Excerpts from a dataset:
++++++

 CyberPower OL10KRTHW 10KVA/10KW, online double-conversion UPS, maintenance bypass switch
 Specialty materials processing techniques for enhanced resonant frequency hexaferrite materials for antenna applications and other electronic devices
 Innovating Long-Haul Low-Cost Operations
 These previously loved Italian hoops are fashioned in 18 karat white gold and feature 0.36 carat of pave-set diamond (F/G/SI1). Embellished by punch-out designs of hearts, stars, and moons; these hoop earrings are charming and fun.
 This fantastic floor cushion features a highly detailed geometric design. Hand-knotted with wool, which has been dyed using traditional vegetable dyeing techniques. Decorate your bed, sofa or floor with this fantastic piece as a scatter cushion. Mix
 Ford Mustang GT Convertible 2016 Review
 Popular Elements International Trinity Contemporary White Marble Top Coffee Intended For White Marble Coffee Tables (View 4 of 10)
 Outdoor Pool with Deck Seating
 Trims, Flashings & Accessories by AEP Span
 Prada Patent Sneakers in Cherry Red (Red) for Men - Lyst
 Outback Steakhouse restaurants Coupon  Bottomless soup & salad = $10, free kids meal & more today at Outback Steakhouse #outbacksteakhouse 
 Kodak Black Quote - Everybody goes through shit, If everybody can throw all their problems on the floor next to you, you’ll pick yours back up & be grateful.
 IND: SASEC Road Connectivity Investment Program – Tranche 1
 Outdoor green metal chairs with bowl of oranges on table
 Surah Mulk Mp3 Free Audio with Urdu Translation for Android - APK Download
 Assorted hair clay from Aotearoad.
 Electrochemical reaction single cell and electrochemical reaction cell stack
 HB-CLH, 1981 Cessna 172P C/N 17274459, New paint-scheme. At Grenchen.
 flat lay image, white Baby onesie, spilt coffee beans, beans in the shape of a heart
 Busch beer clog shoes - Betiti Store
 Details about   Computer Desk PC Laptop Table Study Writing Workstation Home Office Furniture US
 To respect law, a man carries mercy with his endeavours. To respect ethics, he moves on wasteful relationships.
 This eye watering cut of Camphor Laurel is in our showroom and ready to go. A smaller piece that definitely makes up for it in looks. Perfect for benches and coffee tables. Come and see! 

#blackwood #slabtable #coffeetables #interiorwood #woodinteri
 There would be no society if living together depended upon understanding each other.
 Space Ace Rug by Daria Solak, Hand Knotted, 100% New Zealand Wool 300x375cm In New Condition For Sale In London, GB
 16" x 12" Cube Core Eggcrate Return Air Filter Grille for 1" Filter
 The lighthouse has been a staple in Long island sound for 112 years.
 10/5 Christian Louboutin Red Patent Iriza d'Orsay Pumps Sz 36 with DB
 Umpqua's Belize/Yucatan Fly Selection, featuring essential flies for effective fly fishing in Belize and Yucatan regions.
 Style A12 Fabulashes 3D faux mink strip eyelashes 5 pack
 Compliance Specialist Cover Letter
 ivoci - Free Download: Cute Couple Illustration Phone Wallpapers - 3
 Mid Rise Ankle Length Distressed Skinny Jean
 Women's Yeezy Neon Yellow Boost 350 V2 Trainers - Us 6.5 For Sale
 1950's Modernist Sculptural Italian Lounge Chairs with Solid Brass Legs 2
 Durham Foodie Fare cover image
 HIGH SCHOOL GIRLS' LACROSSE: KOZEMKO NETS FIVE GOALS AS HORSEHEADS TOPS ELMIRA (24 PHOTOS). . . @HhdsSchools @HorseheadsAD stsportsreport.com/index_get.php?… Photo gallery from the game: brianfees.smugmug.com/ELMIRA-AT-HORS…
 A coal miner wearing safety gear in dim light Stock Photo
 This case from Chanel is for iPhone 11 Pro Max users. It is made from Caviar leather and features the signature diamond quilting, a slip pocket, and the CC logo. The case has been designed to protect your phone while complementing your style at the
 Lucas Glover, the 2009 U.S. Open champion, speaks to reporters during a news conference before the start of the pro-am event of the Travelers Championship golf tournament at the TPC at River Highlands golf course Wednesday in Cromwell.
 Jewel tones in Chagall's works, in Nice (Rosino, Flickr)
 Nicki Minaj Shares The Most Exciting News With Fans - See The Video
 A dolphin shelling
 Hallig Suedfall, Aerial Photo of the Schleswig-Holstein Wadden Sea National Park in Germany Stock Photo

++++++

- [WHAT THIS TASK INVOLVES]: From the first line to the last, copy the data exactly.

- [EXERCISE SOLUTION]:
 CyberPower OL10KRTHW 10KVA/10KW, online double-conversion UPS, maintenance bypass switch
 Specialty materials processing techniques for enhanced resonant frequency hexaferrite materials for antenna applications and other electronic devices
 Innovating Long-Haul Low-Cost Operations
 These previously loved Italian hoops are fashioned in 18 karat white gold and feature 0.36 carat of pave-set diamond (F/G/SI1). Embellished by punch-out designs of hearts, stars, and moons; these hoop earrings are charming and fun.
 This fantastic floor cushion features a highly detailed geometric design. Hand-knotted with wool, which has been dyed using traditional vegetable dyeing techniques. Decorate your bed, sofa or floor with this fantastic piece as a scatter cushion. Mix
 Ford Mustang GT Convertible 2016 Review
 Popular Elements International Trinity Contemporary White Marble Top Coffee Intended For White Marble Coffee Tables (View 4 of 10)
 Outdoor Pool with Deck Seating
 Trims, Flashings & Accessories by AEP Span
 Prada Patent Sneakers in Cherry Red (Red) for Men - Lyst
 Outback Steakhouse restaurants Coupon  Bottomless soup & salad = $10, free kids meal & more today at Outback Steakhouse #outbacksteakhouse 
 Kodak Black Quote - Everybody goes through shit, If everybody can throw all their problems on the floor next to you, you’ll pick yours back up & be grateful.
 IND: SASEC Road Connectivity Investment Program – Tranche 1
 Outdoor green metal chairs with bowl of oranges on table
 Surah Mulk Mp3 Free Audio with Urdu Translation for Android - APK Download
 Assorted hair clay from Aotearoad.
 Electrochemical reaction single cell and electrochemical reaction cell stack
 HB-CLH, 1981 Cessna 172P C/N 17274459, New paint-scheme. At Grenchen.
 flat lay image, white Baby onesie, spilt coffee beans, beans in the shape of a heart
 Busch beer clog shoes - Betiti Store
 Details about   Computer Desk PC Laptop Table Study Writing Workstation Home Office Furniture US
 To respect law, a man carries mercy with his endeavours. To respect ethics, he moves on wasteful relationships.
 This eye watering cut of Camphor Laurel is in our showroom and ready to go. A smaller piece that definitely makes up for it in looks. Perfect for benches and coffee tables. Come and see! 

#blackwood #slabtable #coffeetables #interiorwood #woodinteri
 There would be no society if living together depended upon understanding each other.
 Space Ace Rug by Daria Solak, Hand Knotted, 100% New Zealand Wool 300x375cm In New Condition For Sale In London, GB
 16" x 12" Cube Core Eggcrate Return Air Filter Grille for 1" Filter
 The lighthouse has been a staple in Long island sound for 112 years.
 10/5 Christian Louboutin Red Patent Iriza d'Orsay Pumps Sz 36 with DB
 Umpqua's Belize/Yucatan Fly Selection, featuring essential flies for effective fly fishing in Belize and Yucatan regions.
 Style A12 Fabulashes 3D faux mink strip eyelashes 5 pack
 Compliance Specialist Cover Letter
 ivoci - Free Download: Cute Couple Illustration Phone Wallpapers - 3
 Mid Rise Ankle Length Distressed Skinny Jean
 Women's Yeezy Neon Yellow Boost 350 V2 Trainers - Us 6.5 For Sale
 1950's Modernist Sculptural Italian Lounge Chairs with Solid Brass Legs 2
 Durham Foodie Fare cover image
 HIGH SCHOOL GIRLS' LACROSSE: KOZEMKO NETS FIVE GOALS AS HORSEHEADS TOPS ELMIRA (24 PHOTOS). . . @HhdsSchools @HorseheadsAD stsportsreport.com/index_get.php?… Photo gallery from the game: brianfees.smugmug.com/ELMIRA-AT-HORS…
 A coal miner wearing safety gear in dim light Stock Photo
 This case from Chanel is for iPhone 11 Pro Max users. It is made from Caviar leather and features the signature diamond quilting, a slip pocket, and the CC logo. The case has been designed to protect your phone while complementing your style at the
 Lucas Glover, the 2009 U.S. Open champion, speaks to reporters during a news conference before the start of the pro-am event of the Travelers Championship golf tournament at the TPC at River Highlands golf course Wednesday in Cromwell.
 Jewel tones in Chagall's works, in Nice (Rosino, Flickr)
 Nicki Minaj Shares The Most Exciting News With Fans - See The Video
 A dolphin shelling
 Hallig Suedfall, Aerial Photo of the Schleswig-Holstein Wadden Sea National Park in Germany Stock Photo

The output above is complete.